Data block
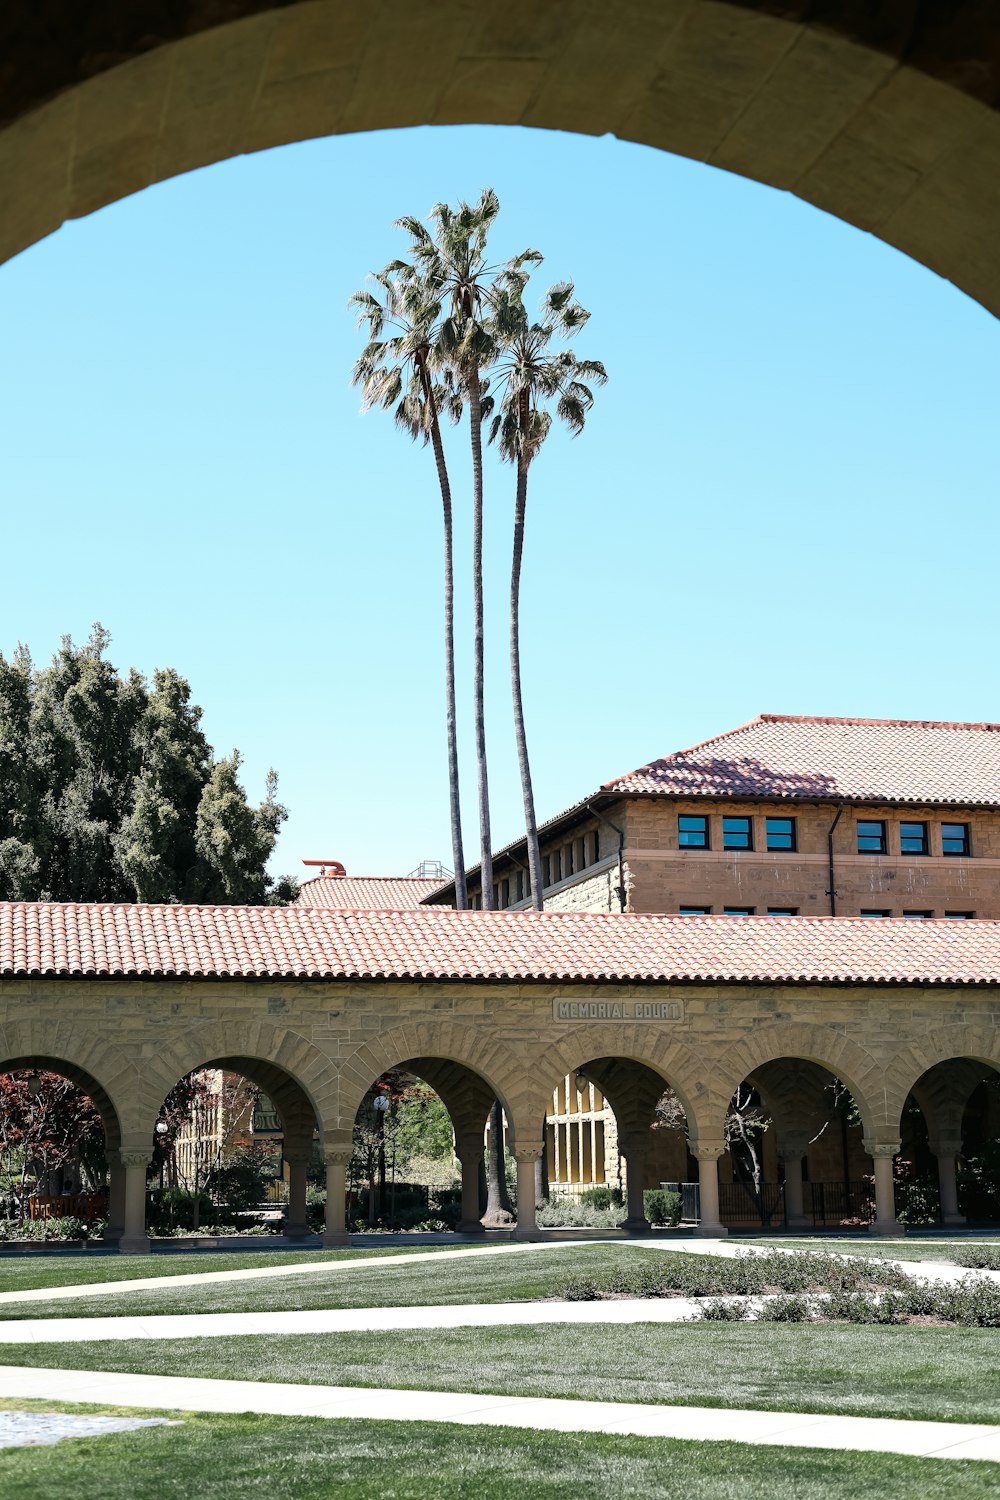 a building with arches and palm trees in the background
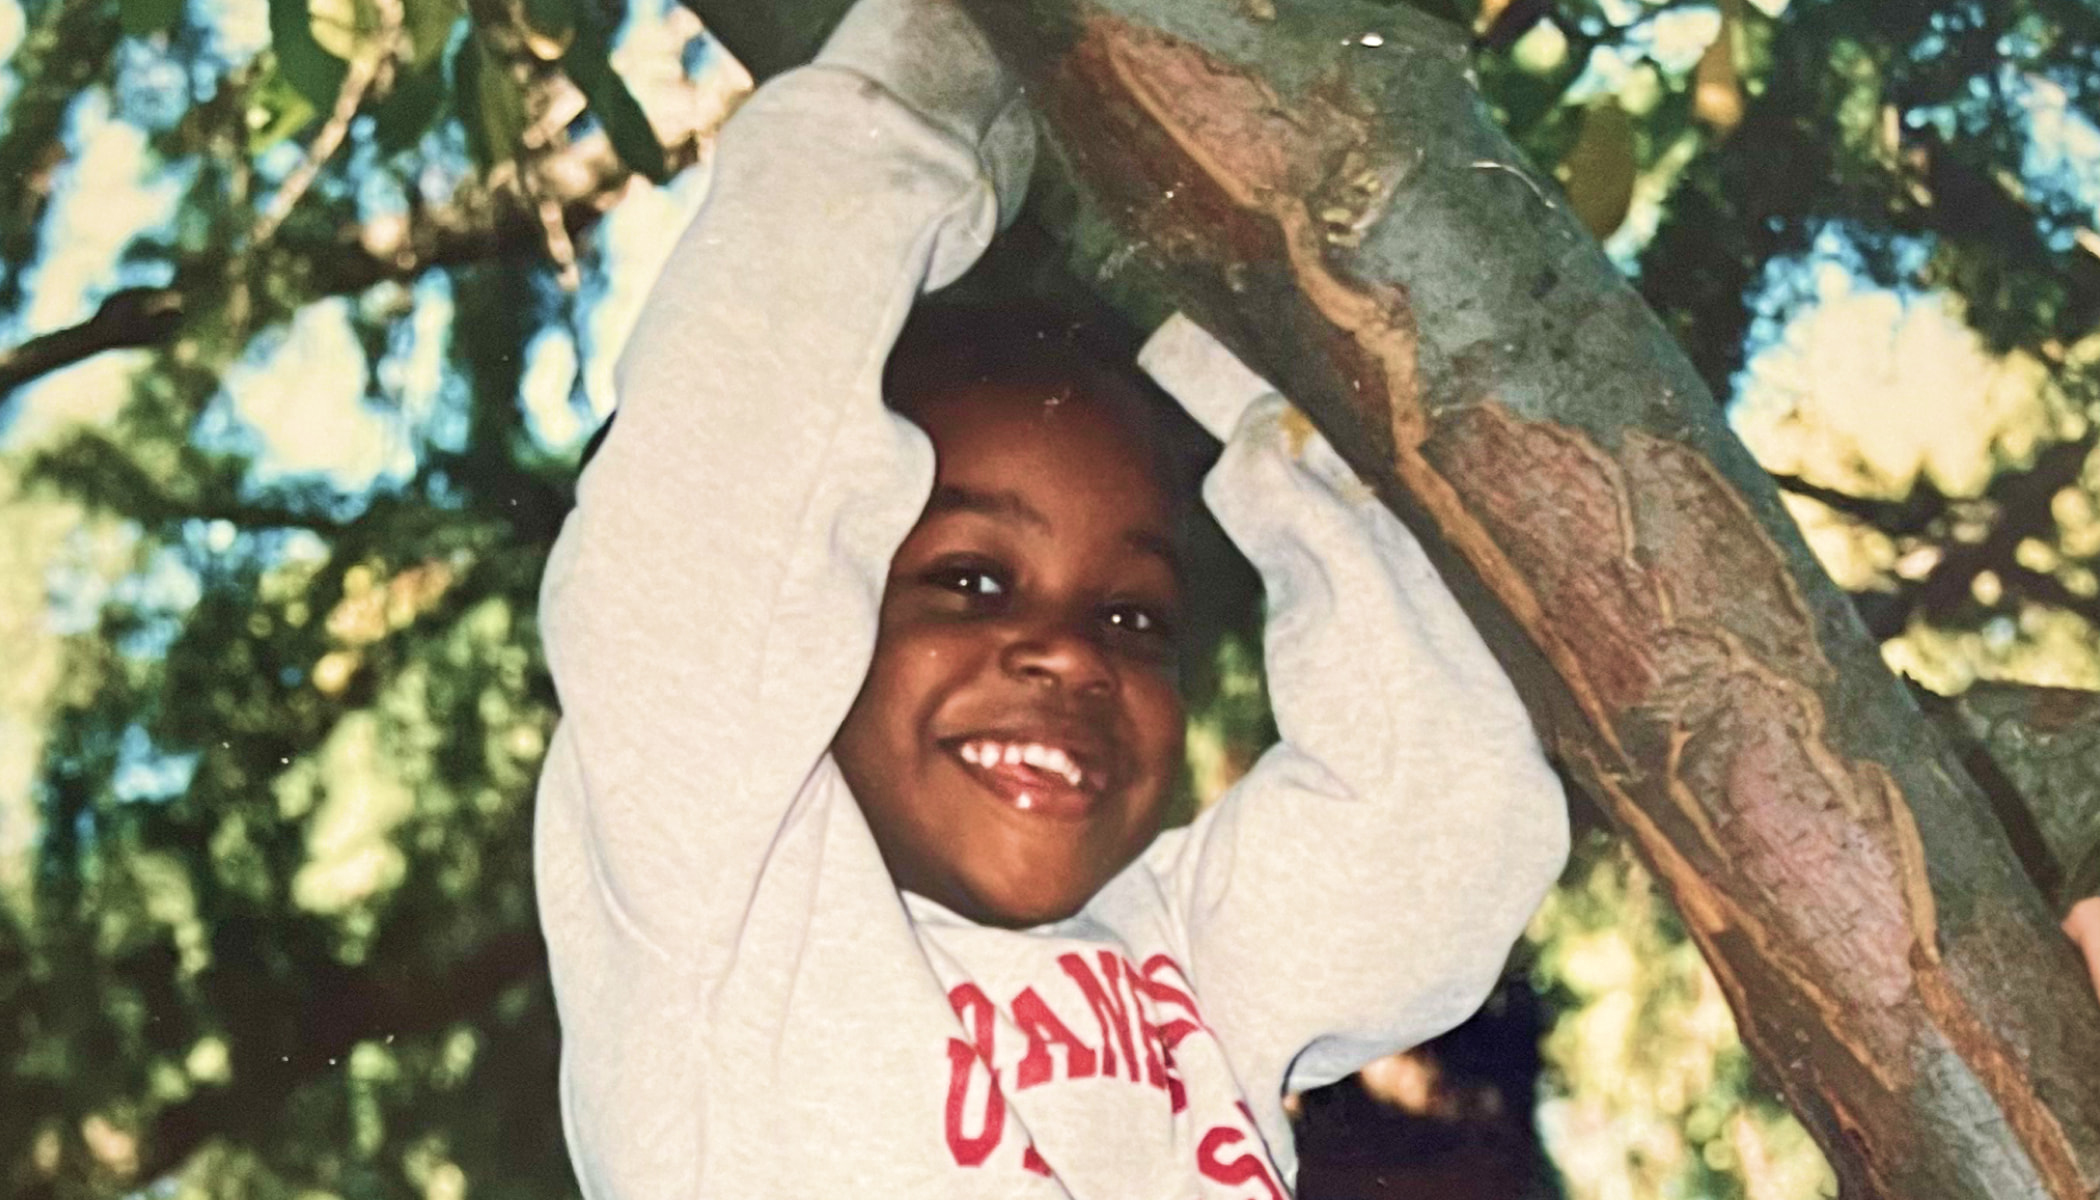 A young LaKesha Roberts holds onto a tree branch and smiles.
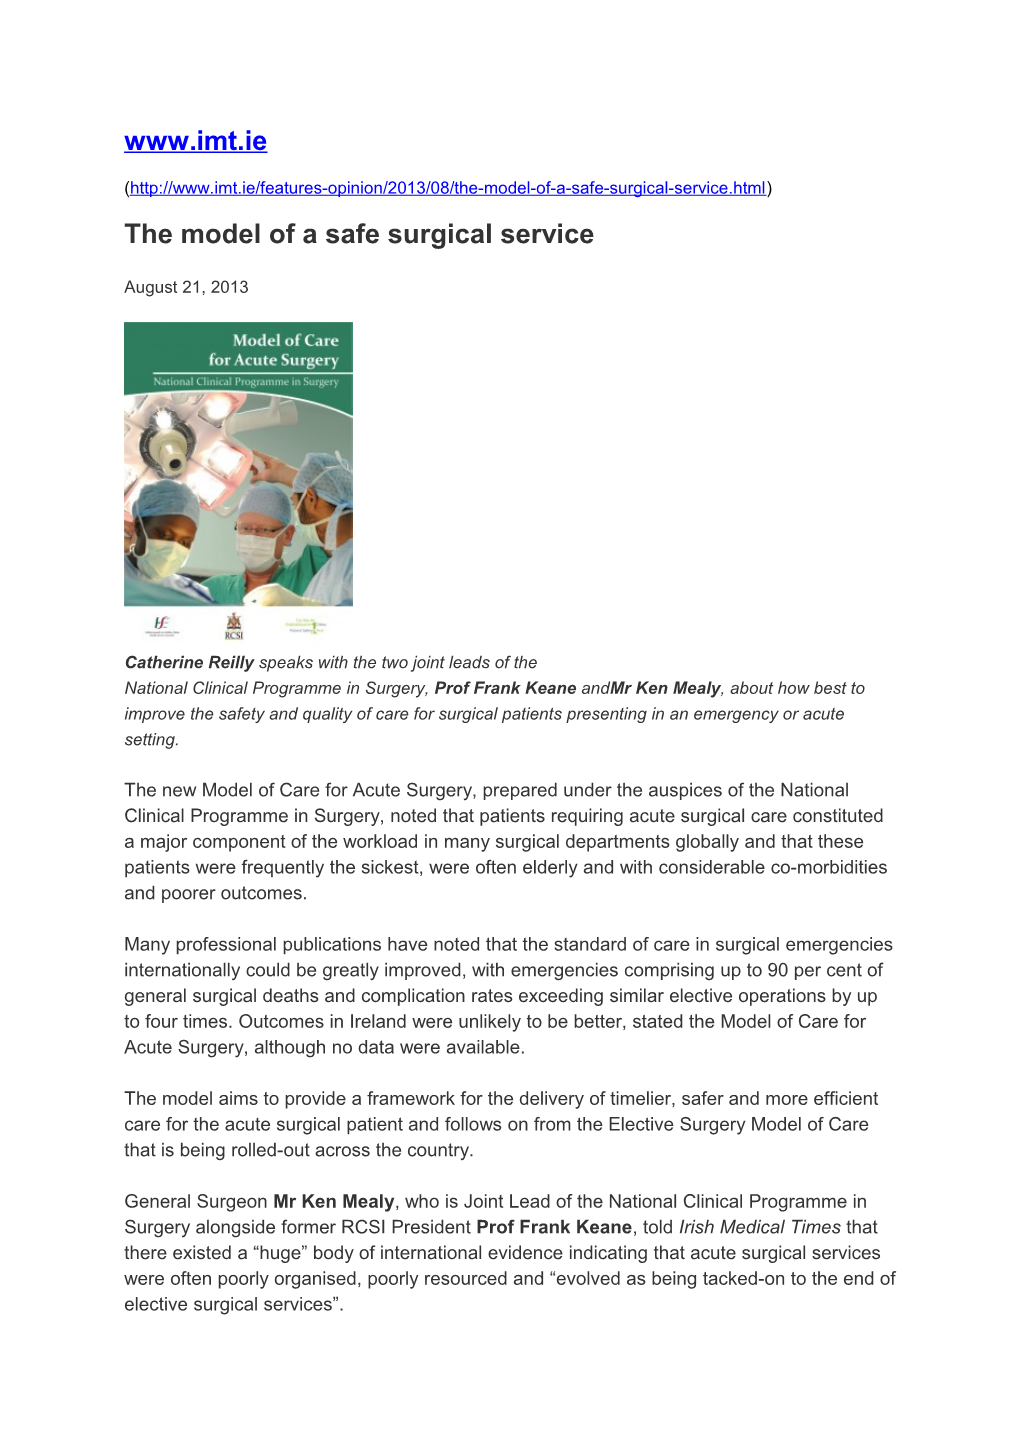 The Model of a Safe Surgical Service

Task prompt
Your task is to repeat the listing exactly while omitting its pictures.

The answer
 a building with arches and palm trees in the background
 A young LaKesha Roberts holds onto a tree branch and smiles.
 The Model of a Safe Surgical Service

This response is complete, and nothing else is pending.